Licensed childcare facilities in the Greater Toronto Area are now able to apply for the Canada-wide $10-a-day program, bringing parents one step closer to their promised rebate cheques.
Ontario inked a deal with the federal government for $10-a-day childcare back in March and promised that fees would be reduced by up to 25 per cent to a minimum of $12 per day, retroactive to April 1.
Parents, the province said at the time, would start receiving rebate cheques as soon as May.
But until this week most childcare facilities in the GTA have been unable to sign up for the program. Officials said they needed to consult with licensed childcare operators and create an application process, resulting in delays.
On Wednesday, the City of Toronto announced it was finally ready to start accepting applications for the Canada-Wide Early Learning and Child Care funding program.
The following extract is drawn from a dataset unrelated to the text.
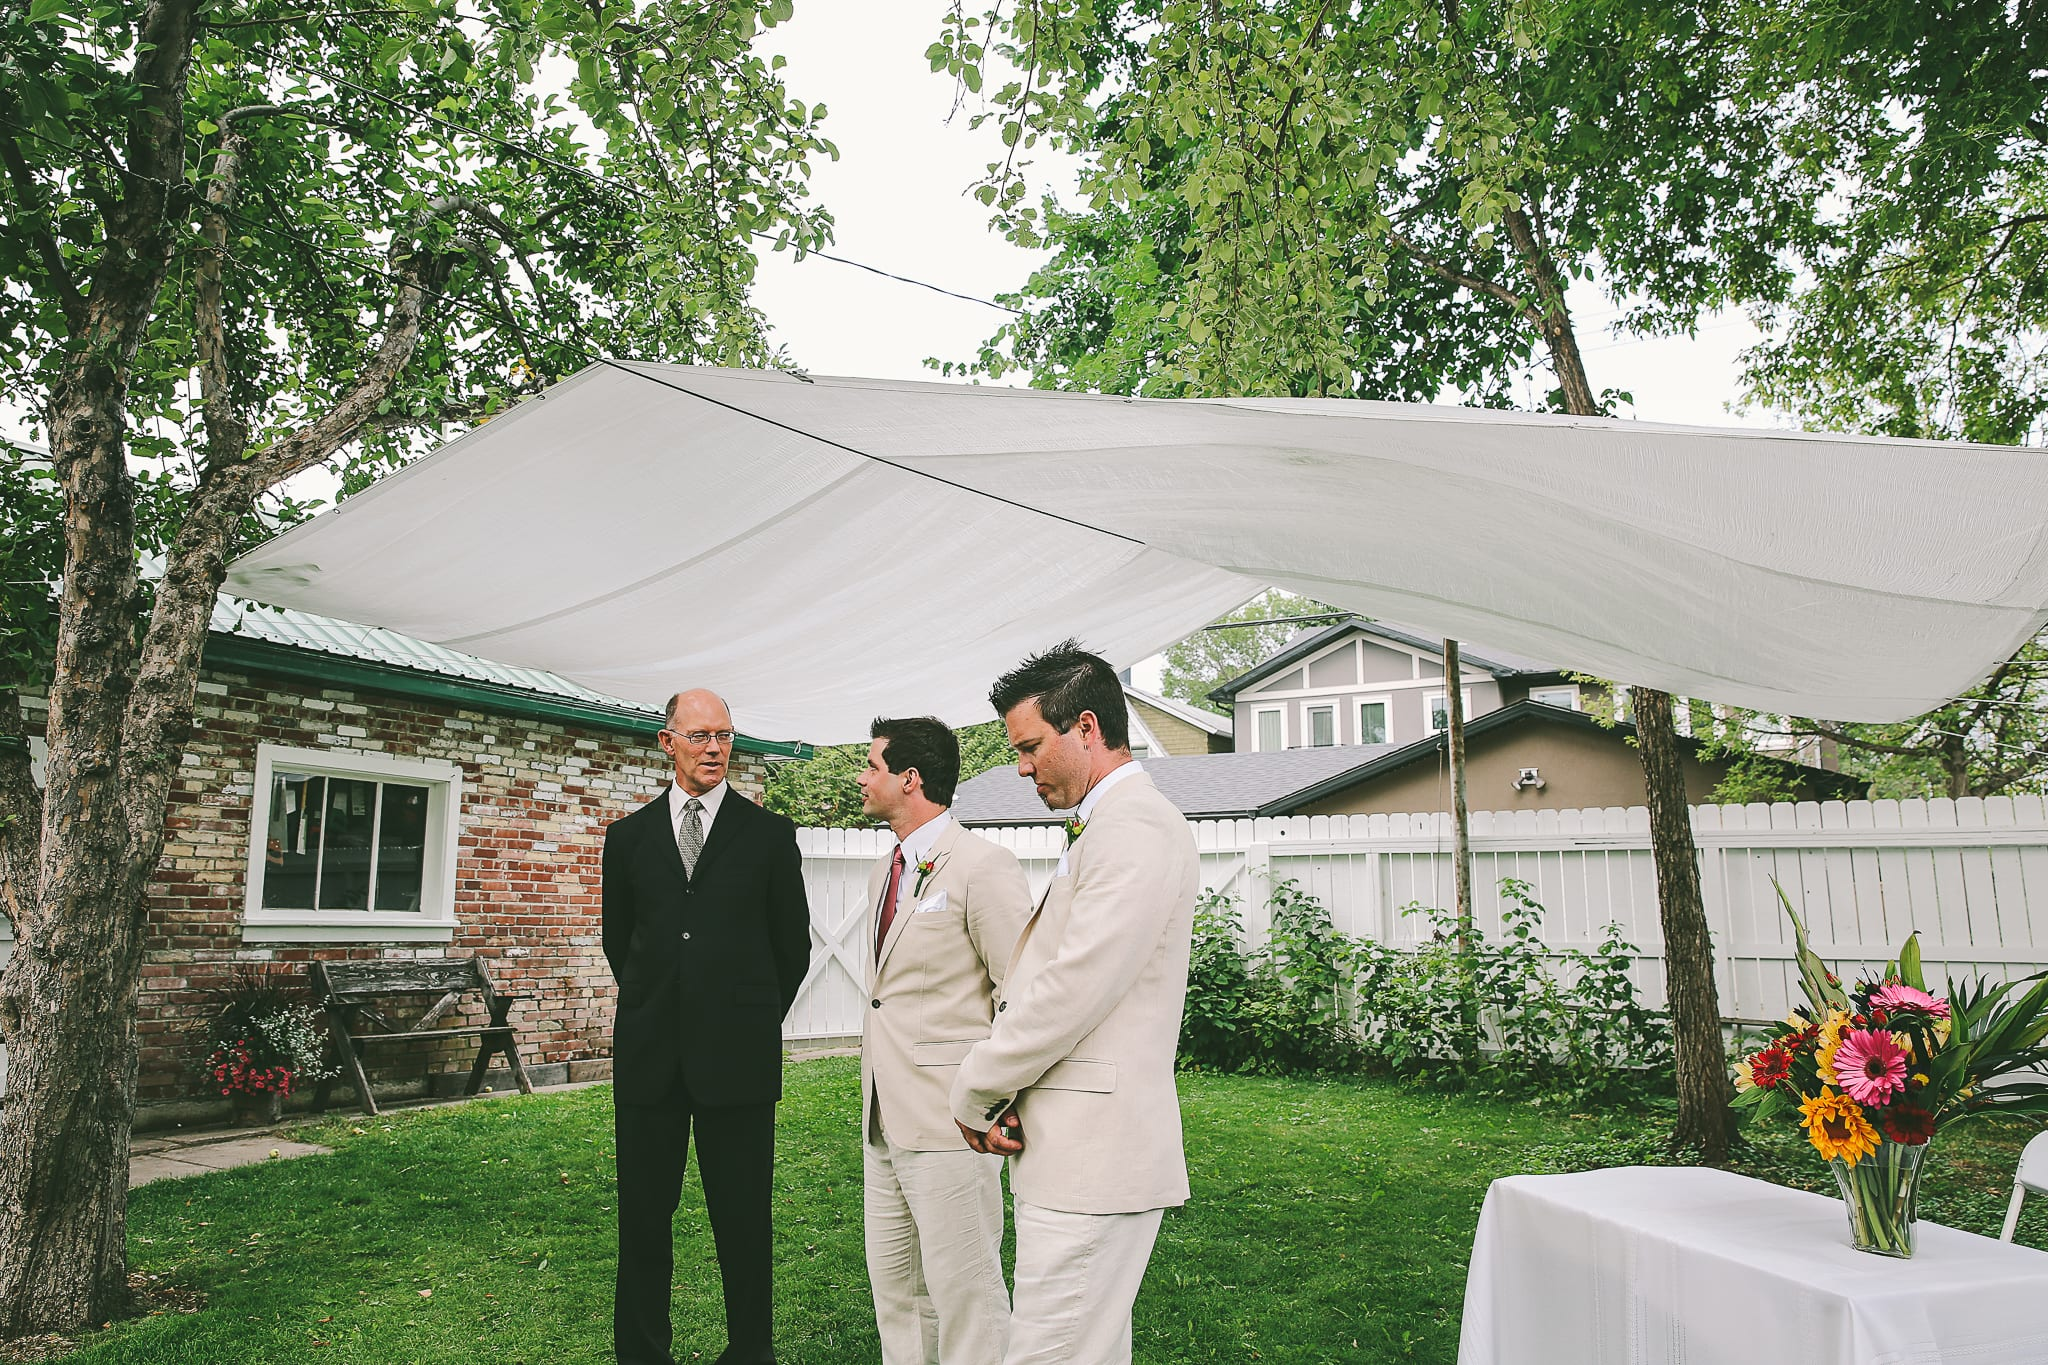 annie u0026 dominic u0027s backyard wedding in calgary winter lotus
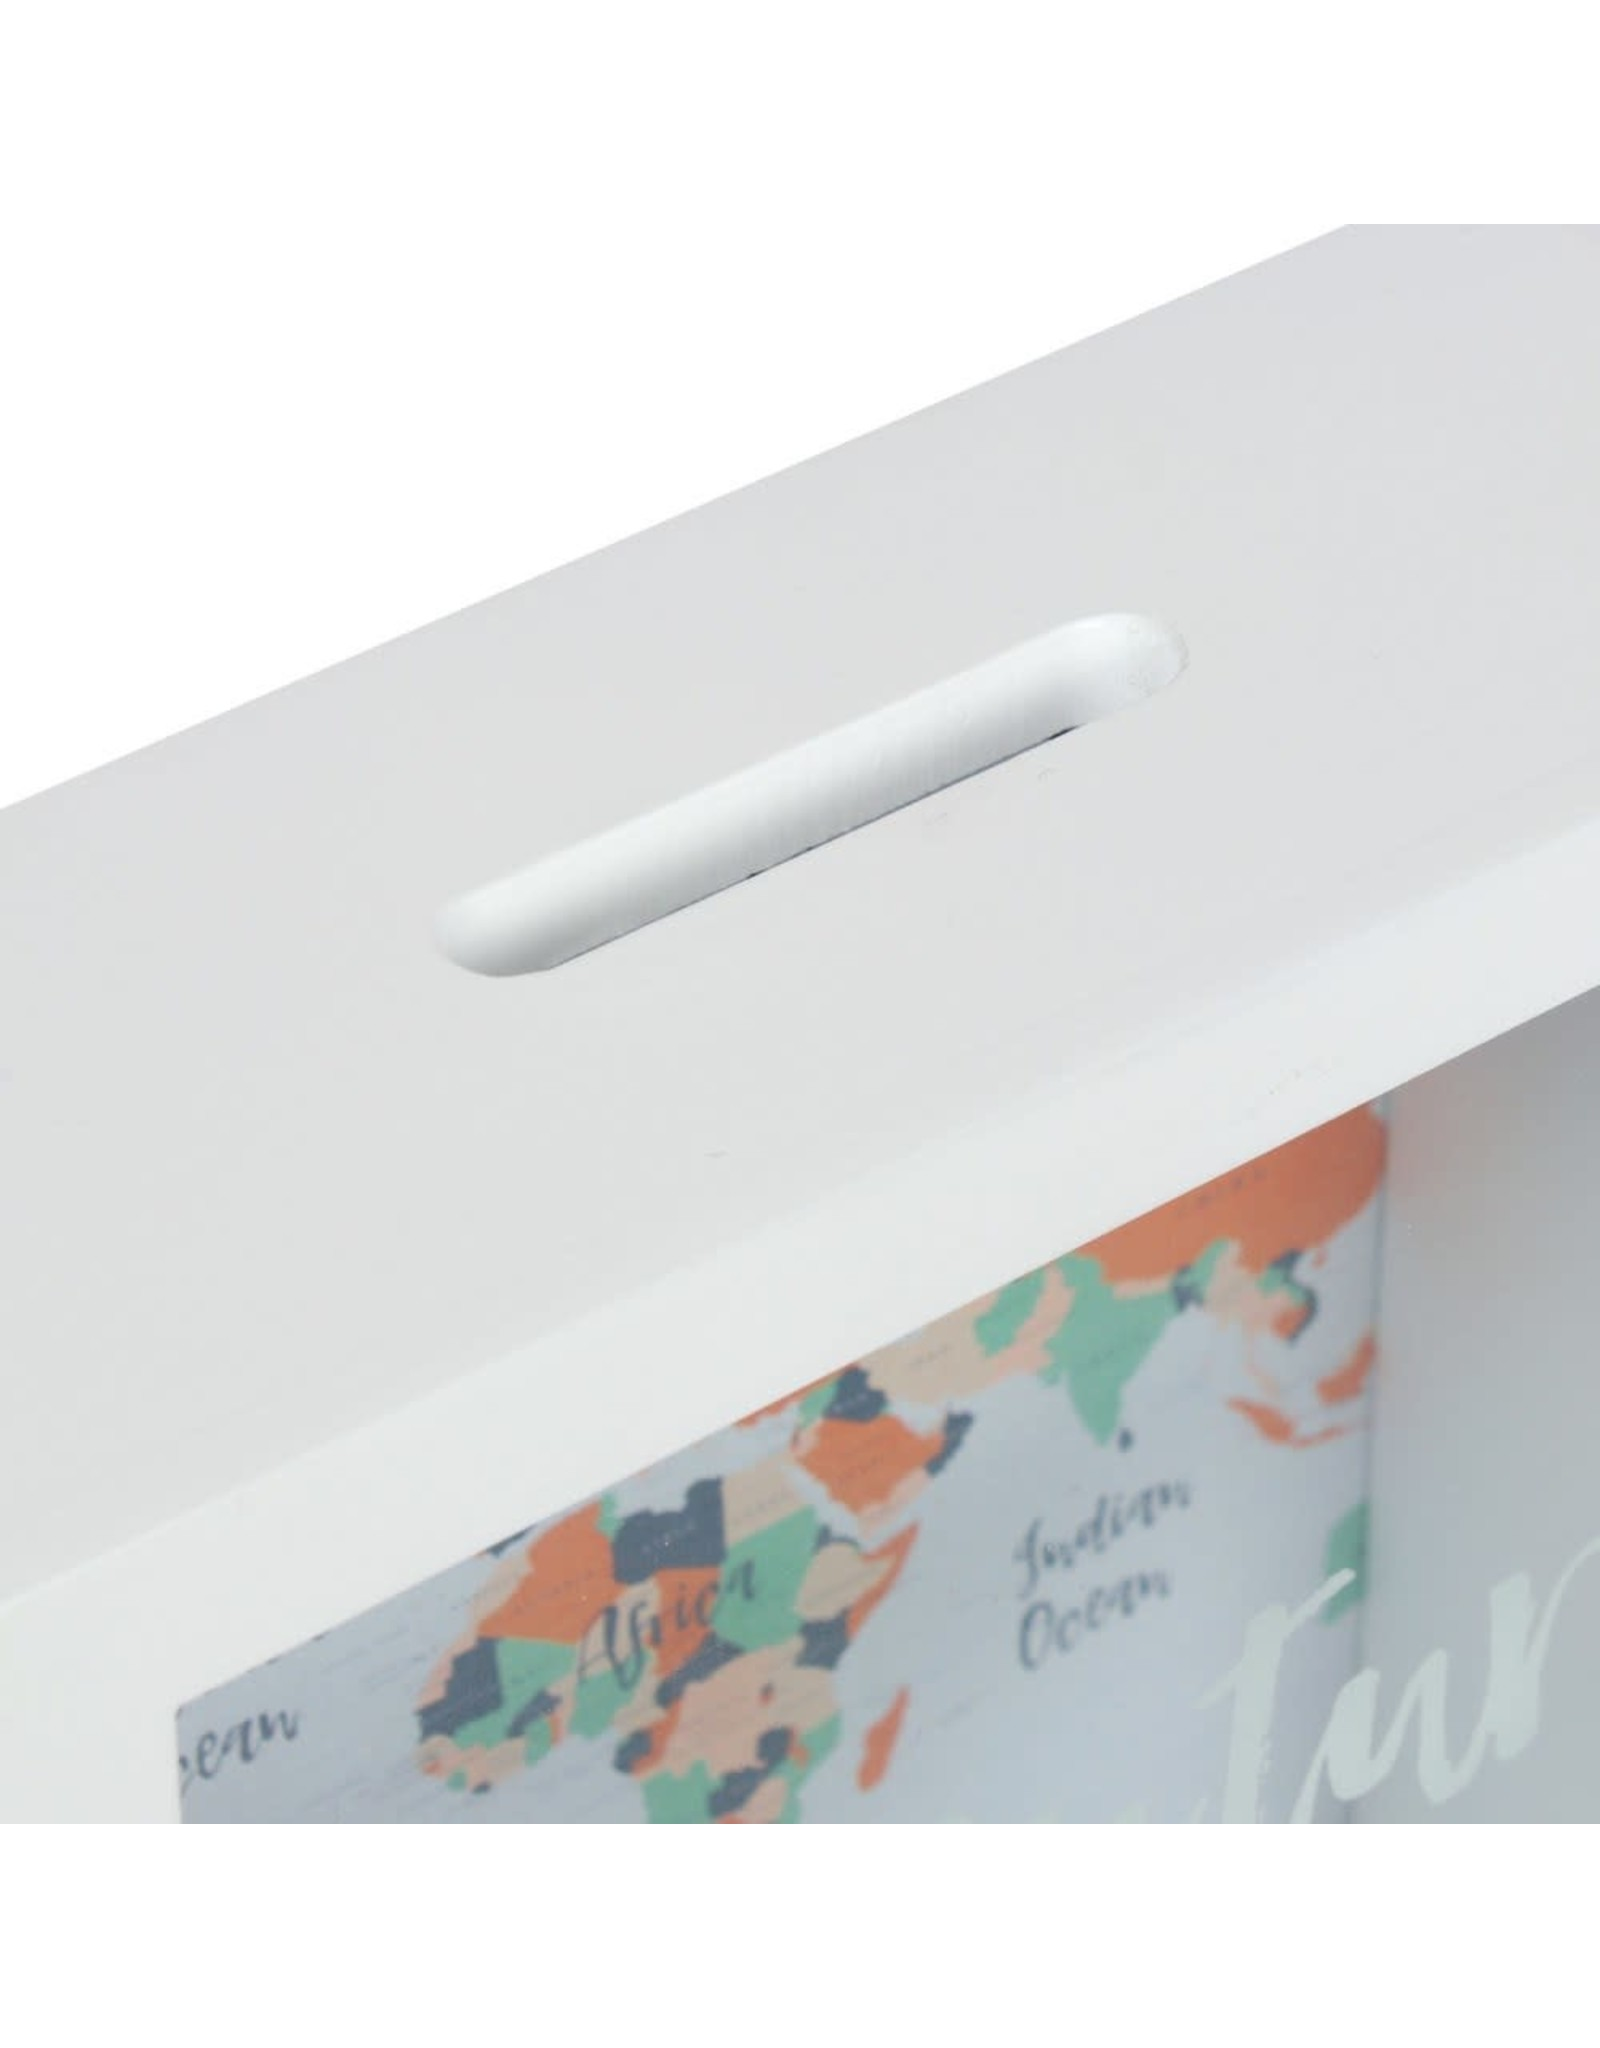 Jones Home & Gift moneybox - adventure fund

The application process will open on June 23 and licenced child-care operators will have until Sept. 1 to opt in.
“Developing policies and the opt-in process for licensed child care operators for the Canada-Wide Early Learning and Child Care funding program has been complex work, but I am excited that we are at the point where we can begin the application process,” General Manager of Toronto Children’s Services Shanley McNamme said in a statement.
“I encourage all licensed childcare providers to learn more about this funding and consider how it will support the families they serve.”
Eligible childcare operators must be licenced and should provide services for children under the age of six, or to those turning six as of June 30.
Further information about how to apply for the program can be found on the city’s website.
Once a facility has been approved under the program, parents of children at the daycare will be sent their rebate cheque.
The application process also opened in York and Peel regions this week. Durham was the only region in the GTA to start accepting applications earlier.
Before this week, only 11 municipalities in Ontario had opened up applications for the program, with at least one expert saying cities had to contend with an information vacuum following the joint agreement.
The $13.2 billion childcare program hopes to see fees reduced by 50 per cent by Jan. 1, 2023. Fees will continue to drop again in September 2024 before finally reaching $10 a day by the following year.